A few nights ago, I had the thrill of rewatching one of the most acclaimed British movies of all time, the Michael Caine starrer from 1971, "Get Carter."
Directed and written by Mike Hodges, the story is of a London hit man for the mob who comes back to his gritty industrial birthplace, Newcastle (as in "coals to Newcastle . . .") to avenge the murder of his brother.
This ruthless killer discovers that his brother was murdered because the brother found out that his teenage daughter had been duped into playing in an amateur porn movie made by and for a local slot machine mogul.
The outrage the killer (Caine) feels for the fact that his niece has been roped into such a horrid venture leads him to kill about a dozen men and women, some only modestly connected with the incident.
The outrage society feels for such porn doings is revealed by the fact that merely mailing the 8 mm movie to Scotland Yard brings down the full force of the law upon local gangsters.
Fast forward to 2010. The porn business is an immense worldwide venture.

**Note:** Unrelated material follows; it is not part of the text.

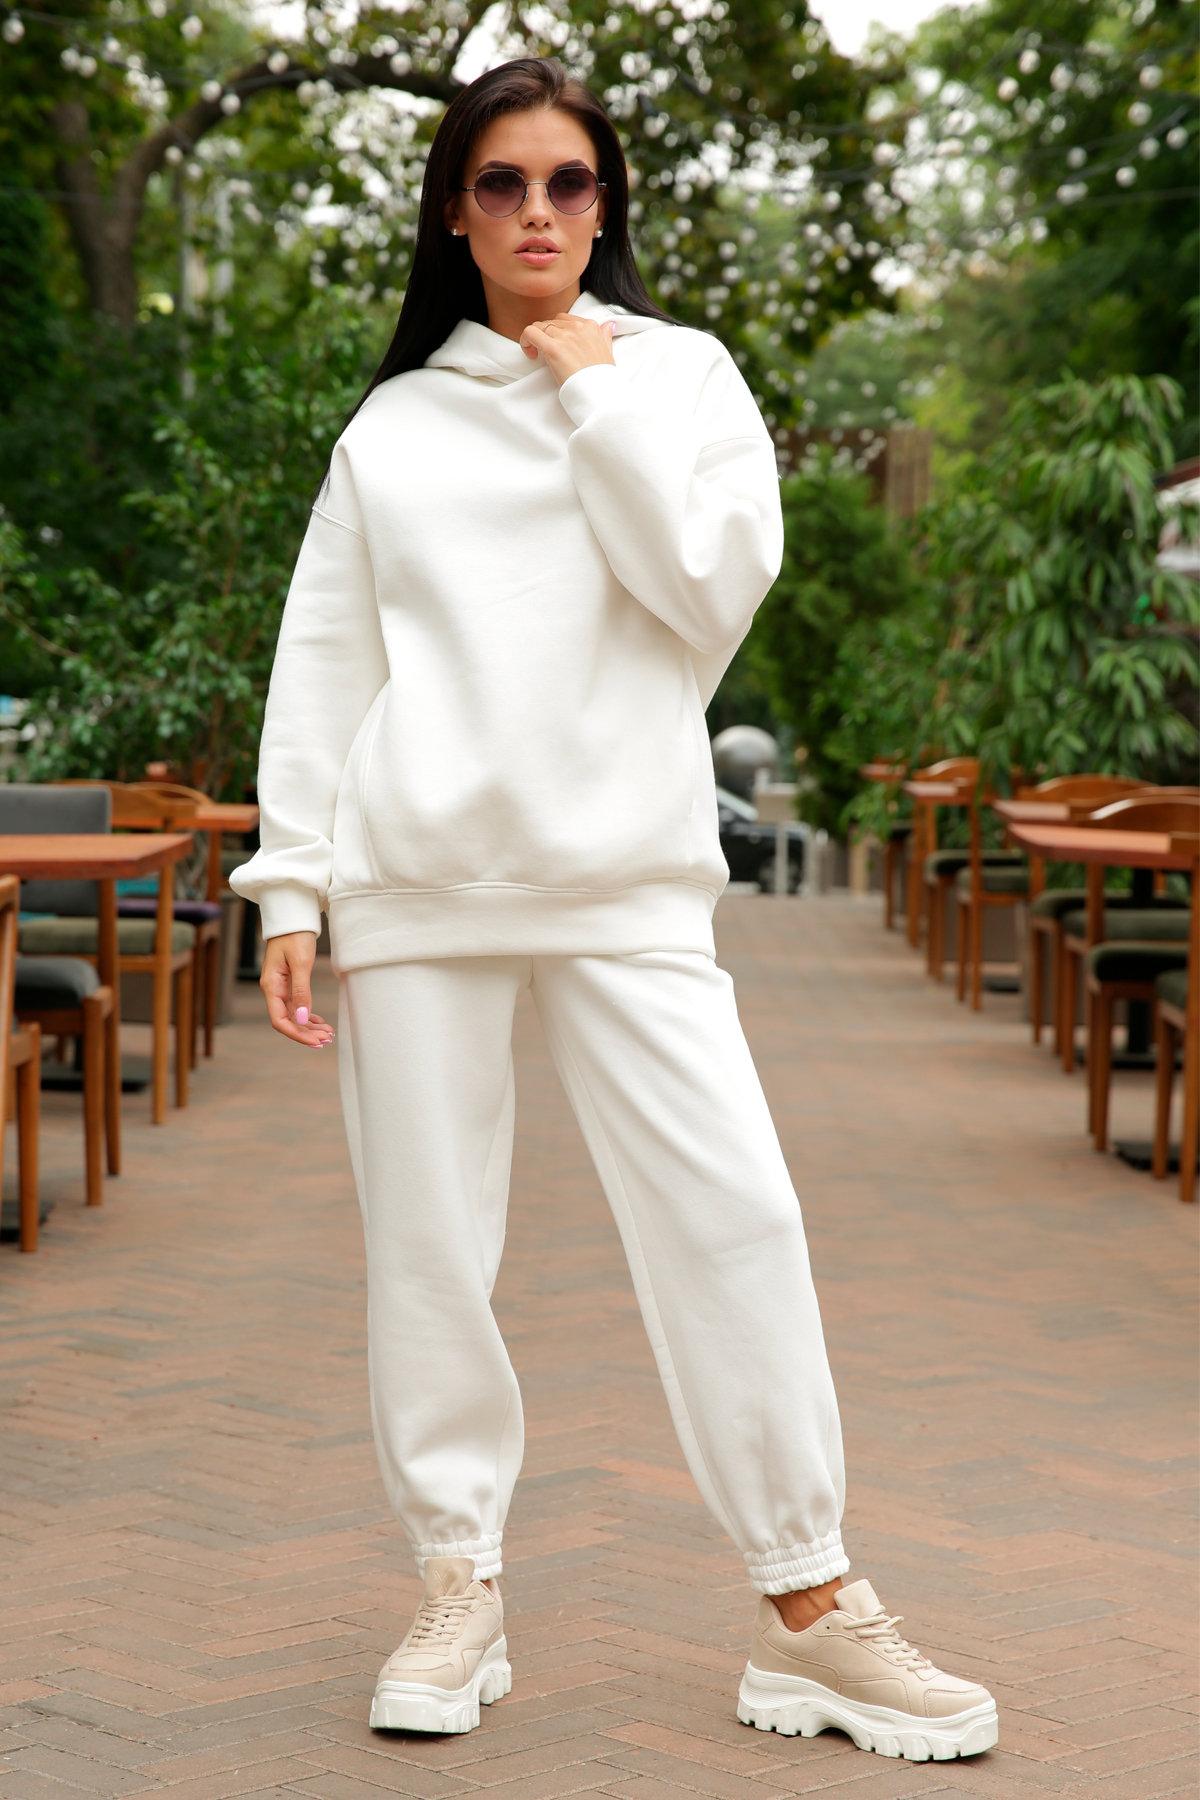 Марион костюм в  стиле Oversize  3х нитка 9651 АРТ. 46045 Цвет: Молоко - фото 3, интернет магазин tm-modus.ru

It is the main business in some parts of Los Angeles. The porn, of the most graphic possible variety, is available online 24 hours a day, for free, on many sites, available to any child who can press a few buttons.
Famous movie stars or would-be famous stars purposely make sex videos of themselves to advance their careers and distribute them on the Net.
It is totally and completely legal, protected by the Constitution of the United States.
People I know who know the porn business tell me their main problem with casting is that too many girls and boys want to be in the scenes, and are not bothered at all by having themselves shown doing graphic sex scenes wth strangers. The pay, at roughly $1,500 per scene for the high end stars, compares favorably with pay for waitressing or parking cars.